Action item: Restate every line of the data word for word, except for the images.

Information supplied:
# # # # #

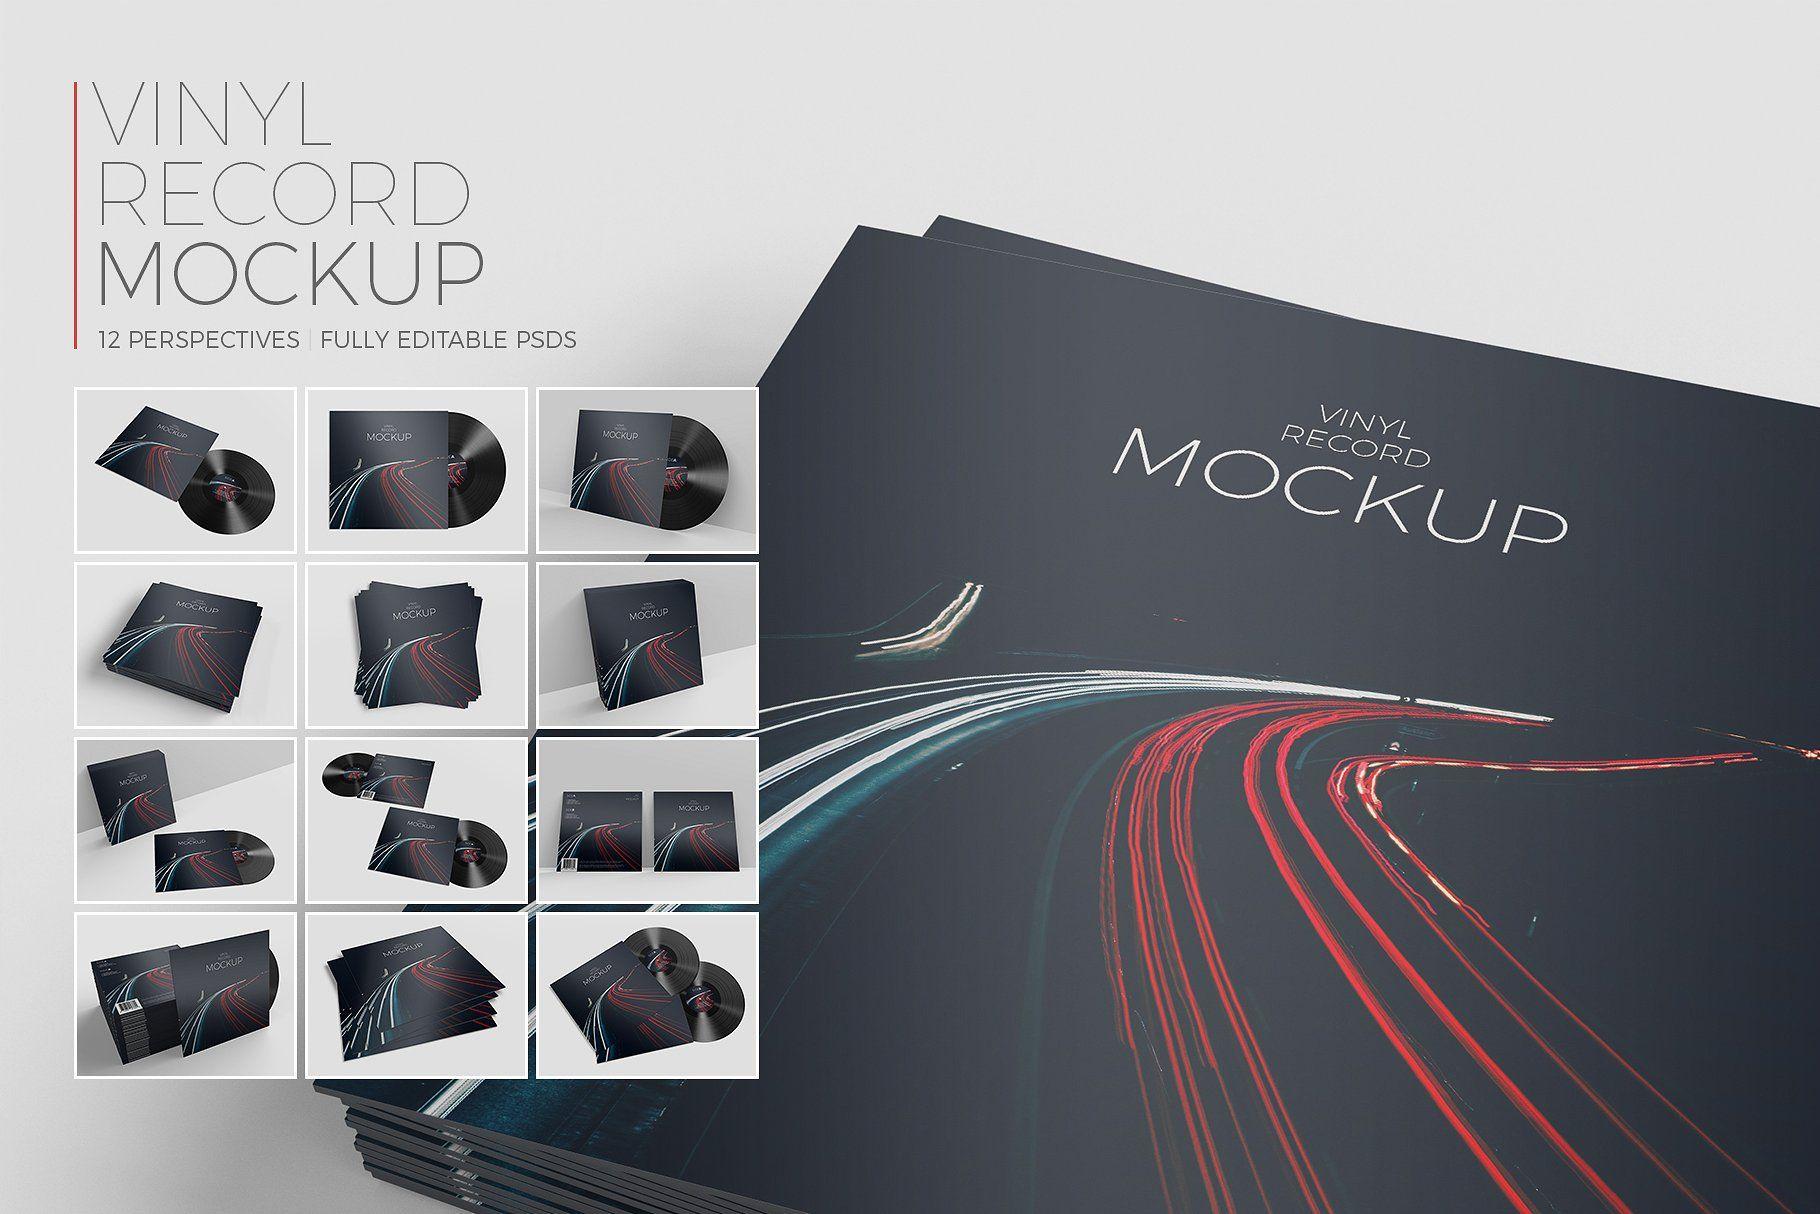 Download Vinyl Record Mockup Mockup Vinyl Records Freelance Graphic Design
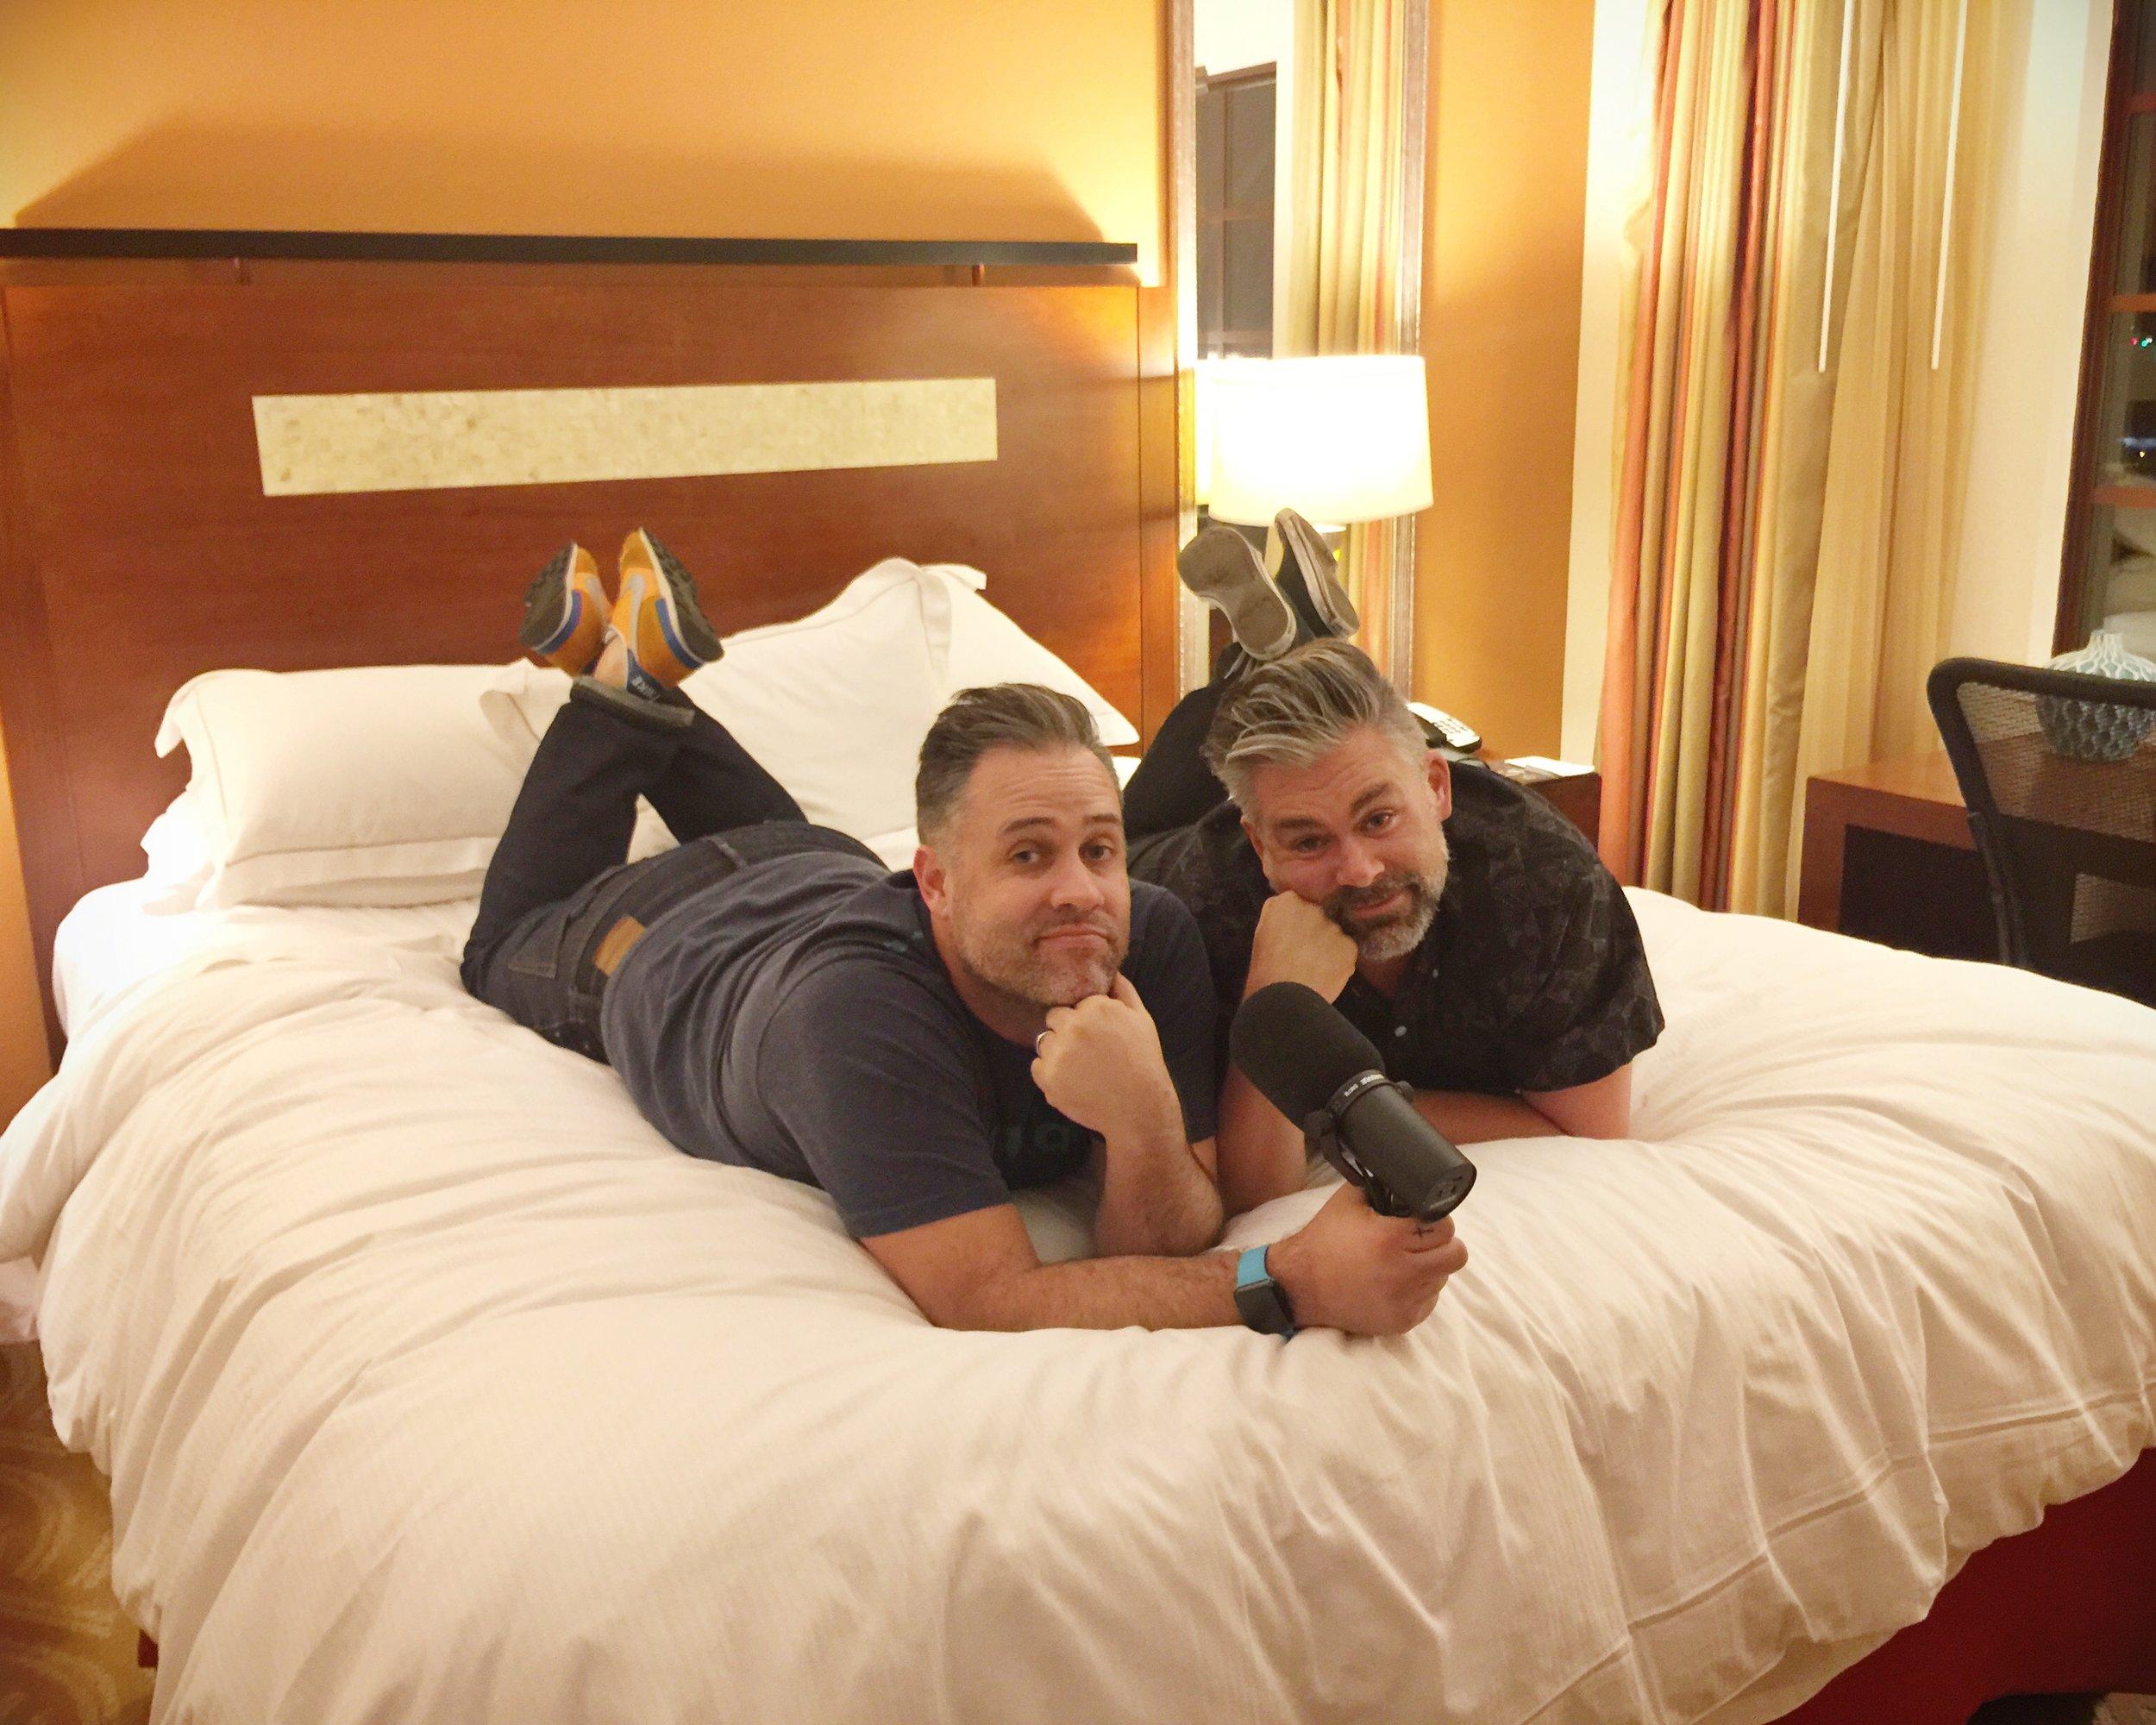 Jeff wants Matt's shoes. Matt wants Jeff's hair. Mutual love... mutual envy.
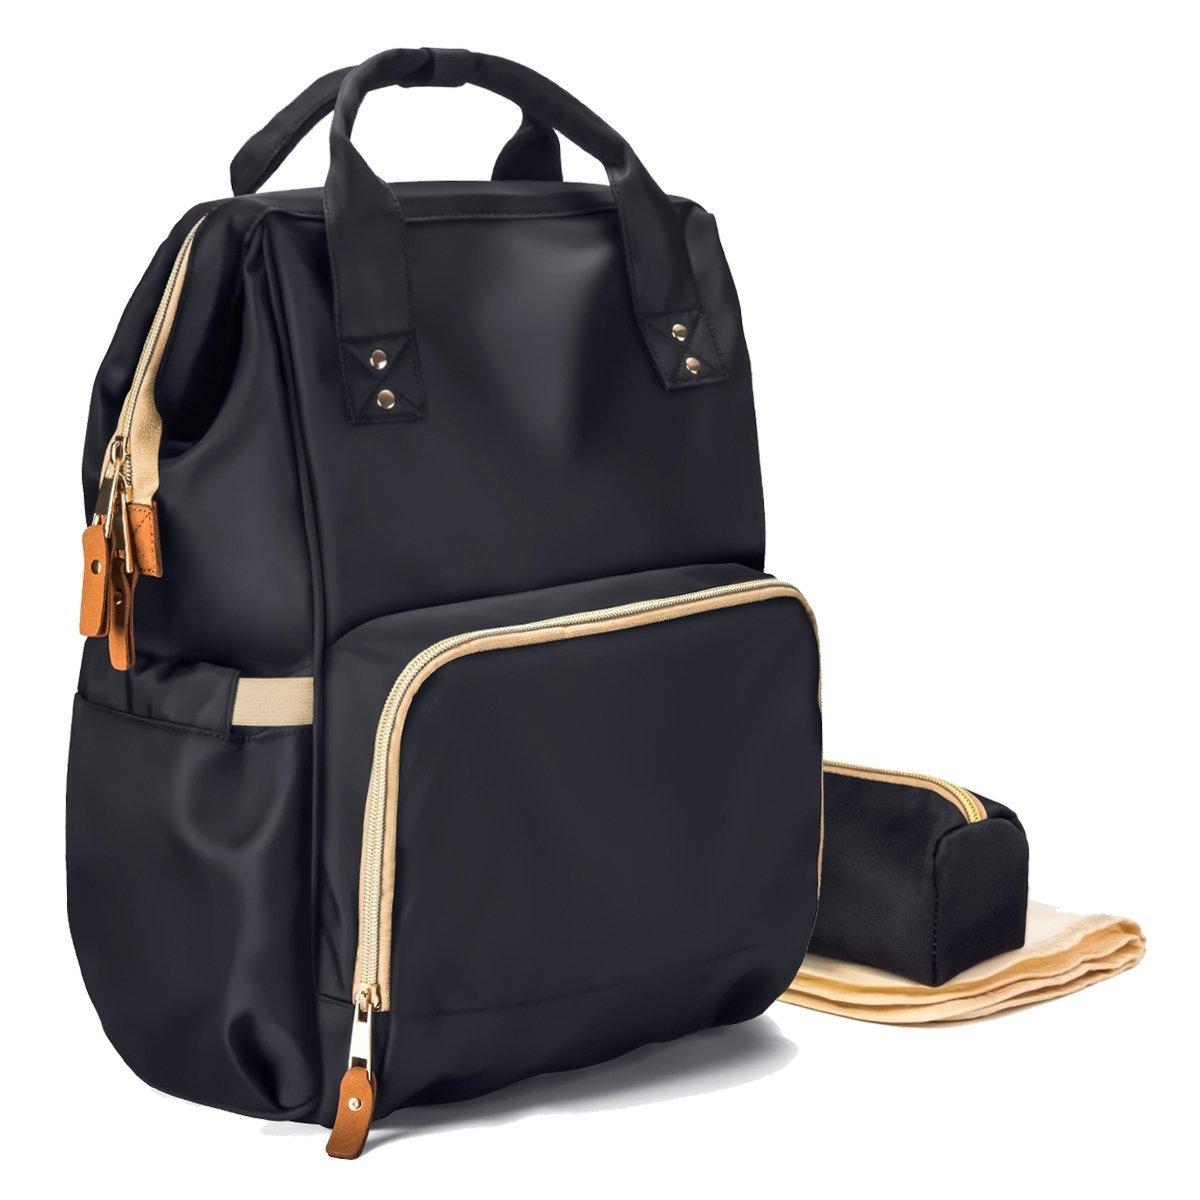 72fae638d8b LNGLAT Diaper Bag Multi-Function Waterproof Large Baby Diaper Bag Backpack  Durable Stylish Unisex...

# # # # #

Result for this exercise:
 Download Vinyl Record Mockup Mockup Vinyl Records Freelance Graphic Design
 Jeff wants Matt's shoes. Matt wants Jeff's hair. Mutual love... mutual envy.
 72fae638d8b LNGLAT Diaper Bag Multi-Function Waterproof Large Baby Diaper Bag Backpack  Durable Stylish Unisex...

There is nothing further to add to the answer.